Efficient Strategies of Compressing Three-Dimensional Sparse Arrays Based on Intel XEON and Intel XEON Phi Environments

Abstract

Array operations are useful in a lot of important scientific codes, such as molecular dynamics, finite-element methods, atmosphere and ocean sciences, and etc. In recent years, more and more applications, such as geological analysis and medical images processing, are solved and processed by using array operations for three-dimensional (abbreviate to 3D) sparse arrays. Due to the huge computation time, it is necessary to compress the sparse arrays to compact structures in order to avoid unnecessary computations.
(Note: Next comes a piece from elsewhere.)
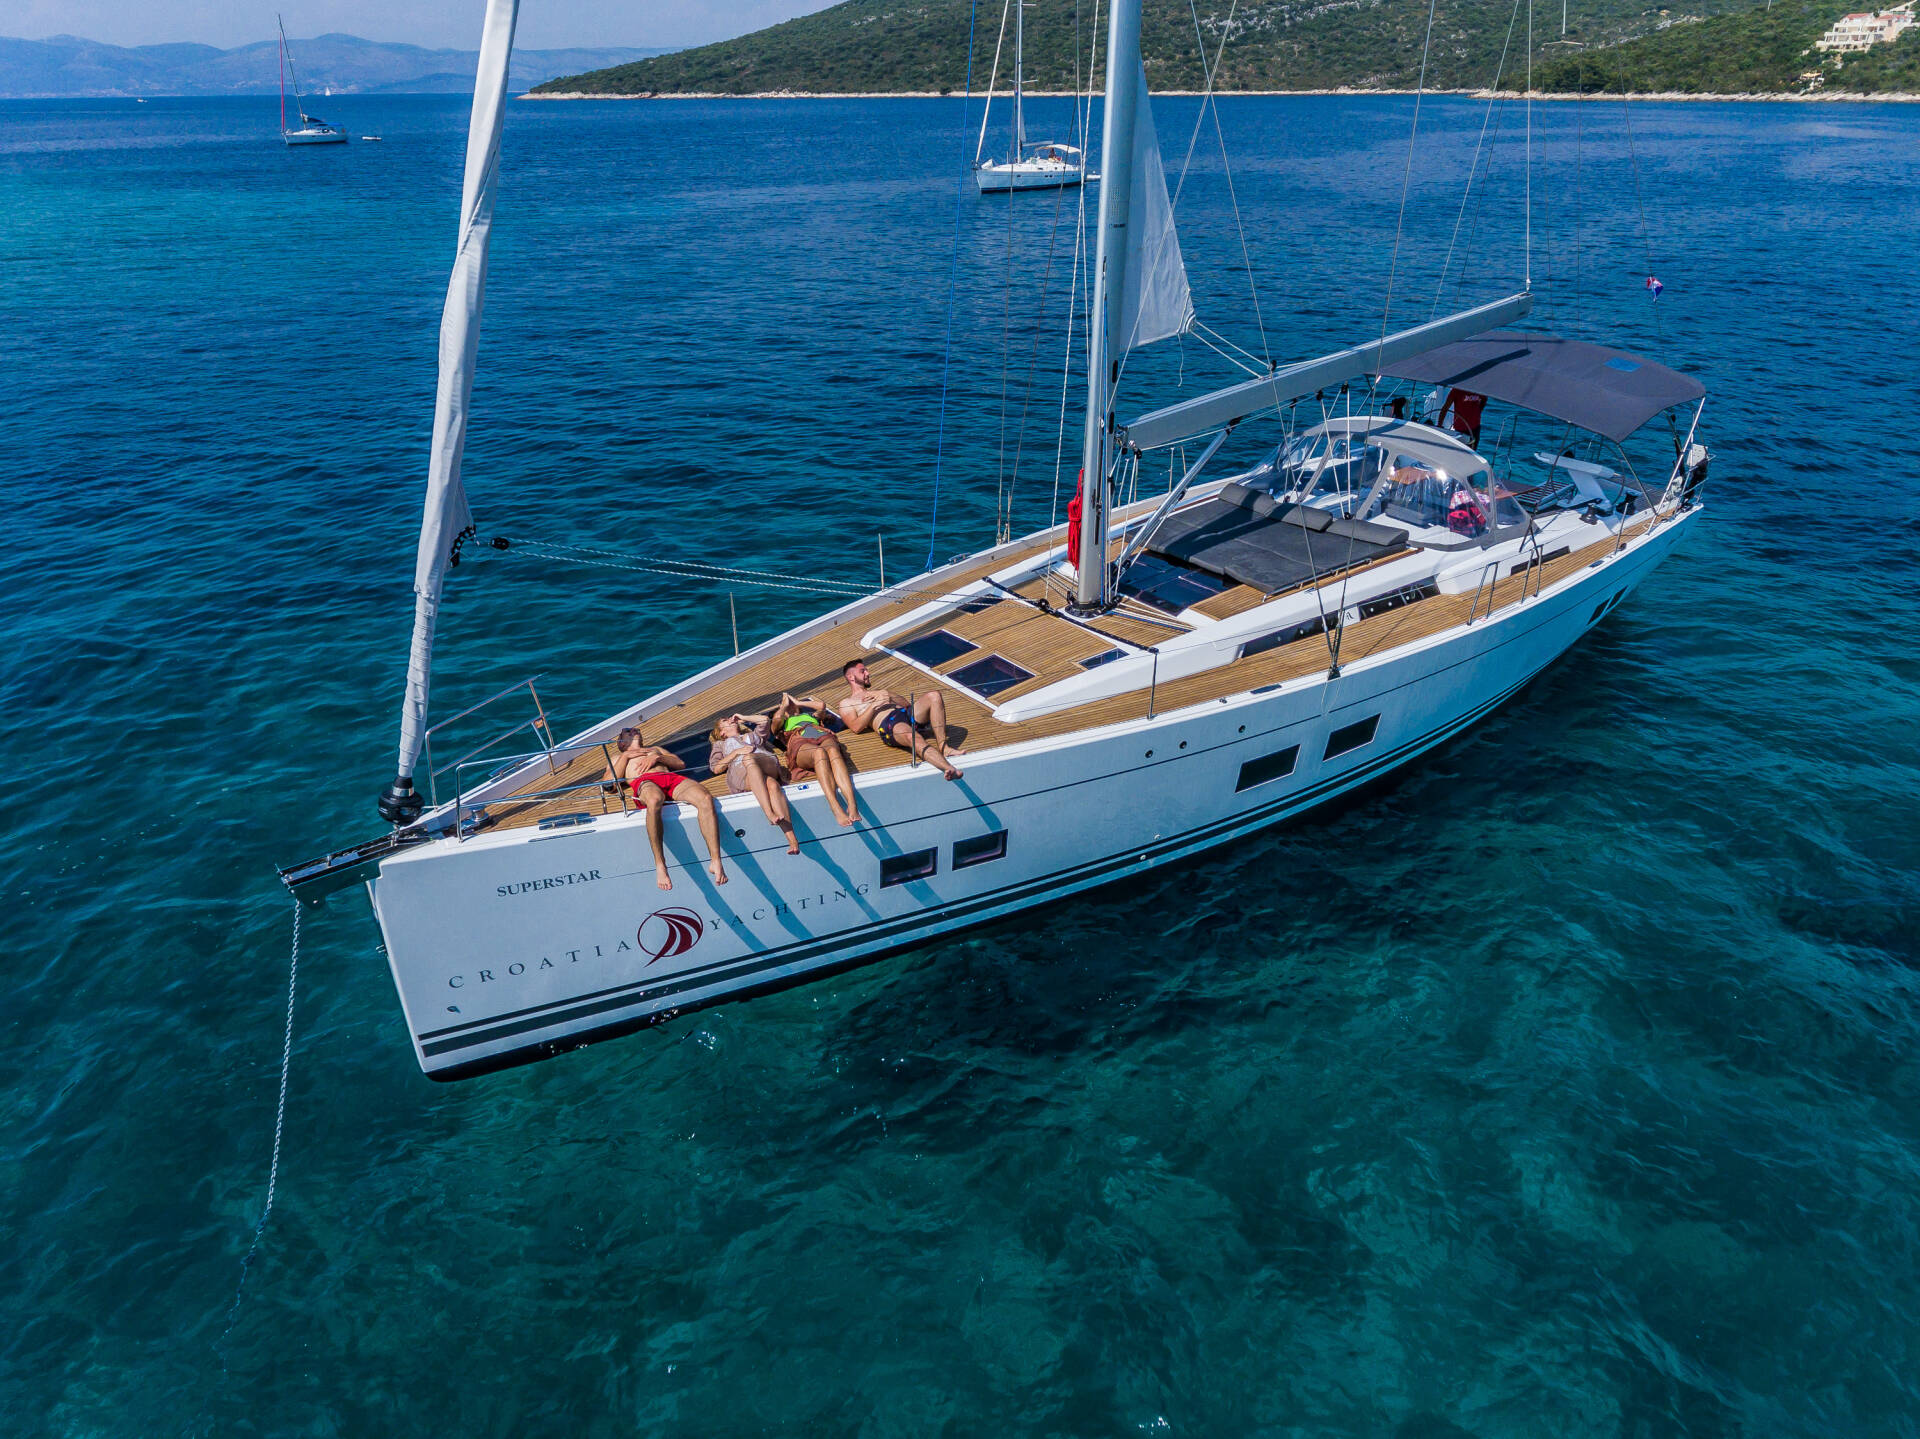 Need help with yacht charter?
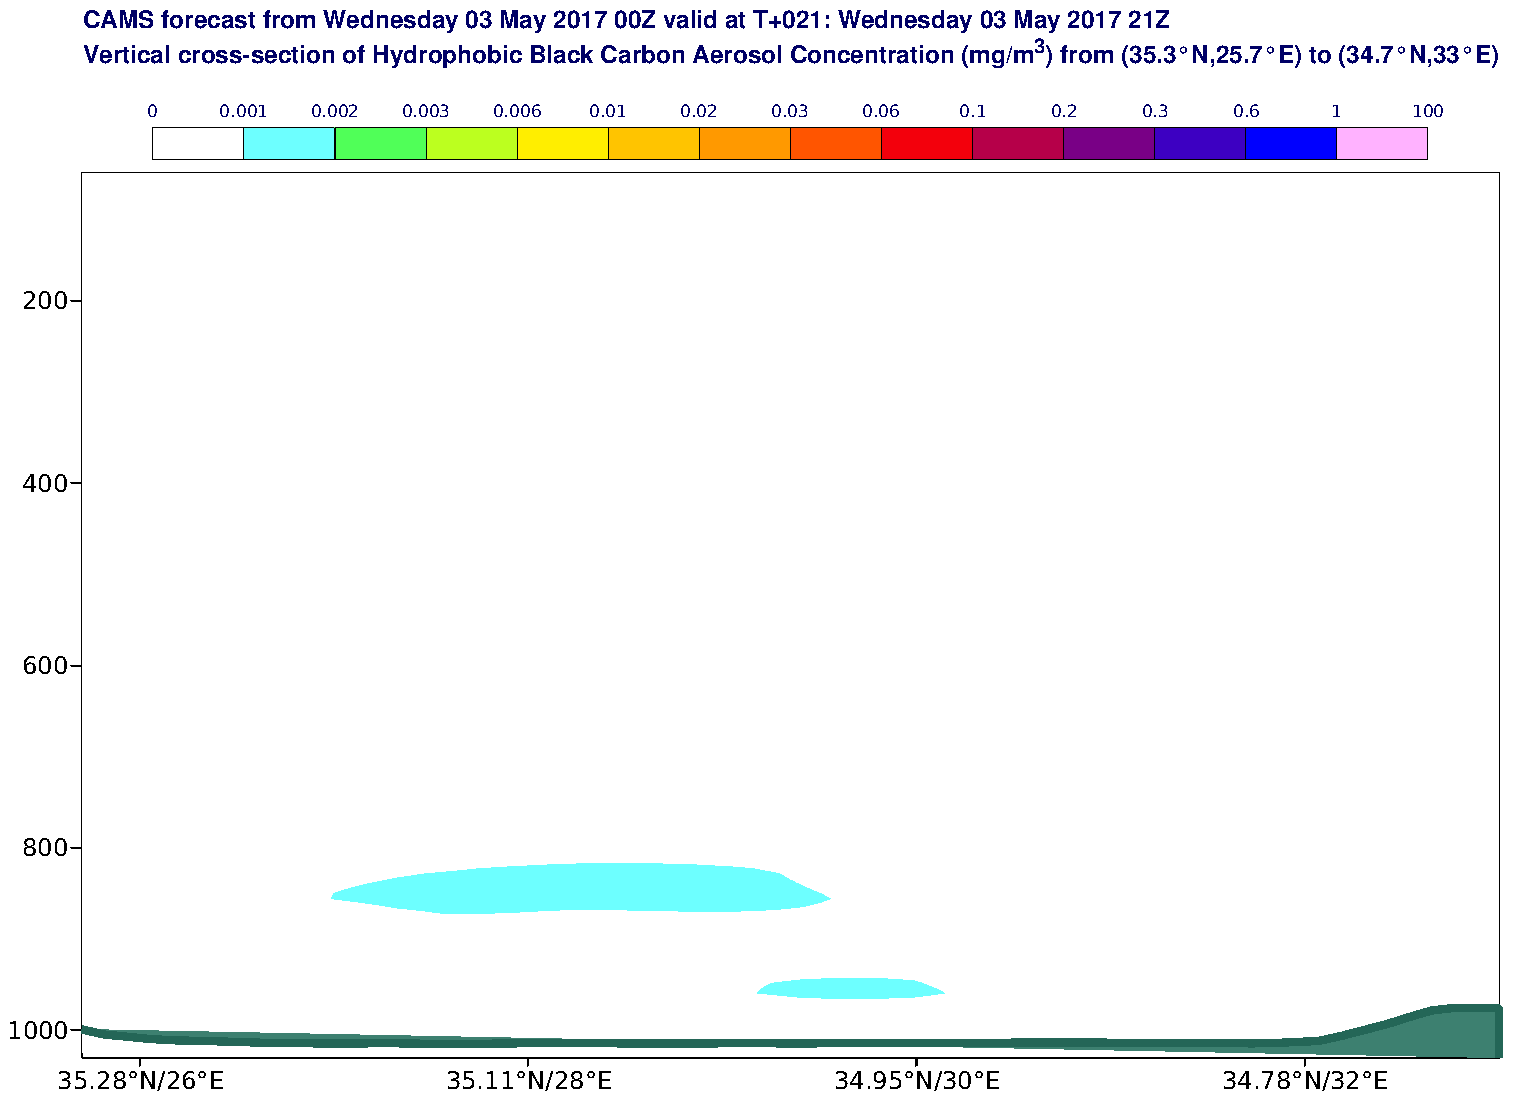 Vertical cross-section of Hydrophobic Black Carbon Aerosol Concentration (mg/m3) valid at T21 - 2017-05-03 21:00

Parallel processing is also a suitable solution to speed up the array operations based on multiprocessors, multicomputers and accelerators. How to compress the sparse arrays efficiently is the first task of designing parallel algorithms for practical applications with sparse array operations. Hence, efficient strategies of compressing 3D sparse arrays based on Intel XEON (multiprocessor) and Intel XEON Phi (accelerator) environments are proposed in this paper. For each environment, two strategies, inter-task parallelization and intra-task parallelization, are presented to compress a series of sparse arrays and single large sparse array, respectively. From experimental results, the inter-task parallelization strategy achieves 16x and 18x speedup ratios based on Intel XEON E5-2670 v2 and Intel Xeon Phi SE10X, respectively, 4x and 5x speedup ratios, respectively, for the intra-task parallelization strategy.